• YOUR INSTRUCTIONS: Give back each line of the listing precisely as written.

• RECORD EXCERPTS:
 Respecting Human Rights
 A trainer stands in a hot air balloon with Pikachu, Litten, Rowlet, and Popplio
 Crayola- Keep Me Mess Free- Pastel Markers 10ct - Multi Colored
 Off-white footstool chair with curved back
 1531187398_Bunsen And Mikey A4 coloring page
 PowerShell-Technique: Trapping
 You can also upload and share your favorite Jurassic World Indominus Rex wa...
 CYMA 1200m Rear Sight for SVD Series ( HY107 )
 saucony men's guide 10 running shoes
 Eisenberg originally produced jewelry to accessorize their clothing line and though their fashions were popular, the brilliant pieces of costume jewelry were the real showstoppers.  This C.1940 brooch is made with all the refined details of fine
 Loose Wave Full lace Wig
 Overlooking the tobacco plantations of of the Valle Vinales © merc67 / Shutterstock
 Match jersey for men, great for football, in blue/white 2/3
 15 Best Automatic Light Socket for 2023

• EXERCISE OUTPUT:
 Respecting Human Rights
 A trainer stands in a hot air balloon with Pikachu, Litten, Rowlet, and Popplio
 Crayola- Keep Me Mess Free- Pastel Markers 10ct - Multi Colored
 Off-white footstool chair with curved back
 1531187398_Bunsen And Mikey A4 coloring page
 PowerShell-Technique: Trapping
 You can also upload and share your favorite Jurassic World Indominus Rex wa...
 CYMA 1200m Rear Sight for SVD Series ( HY107 )
 saucony men's guide 10 running shoes
 Eisenberg originally produced jewelry to accessorize their clothing line and though their fashions were popular, the brilliant pieces of costume jewelry were the real showstoppers.  This C.1940 brooch is made with all the refined details of fine
 Loose Wave Full lace Wig
 Overlooking the tobacco plantations of of the Valle Vinales © merc67 / Shutterstock
 Match jersey for men, great for football, in blue/white 2/3
 15 Best Automatic Light Socket for 2023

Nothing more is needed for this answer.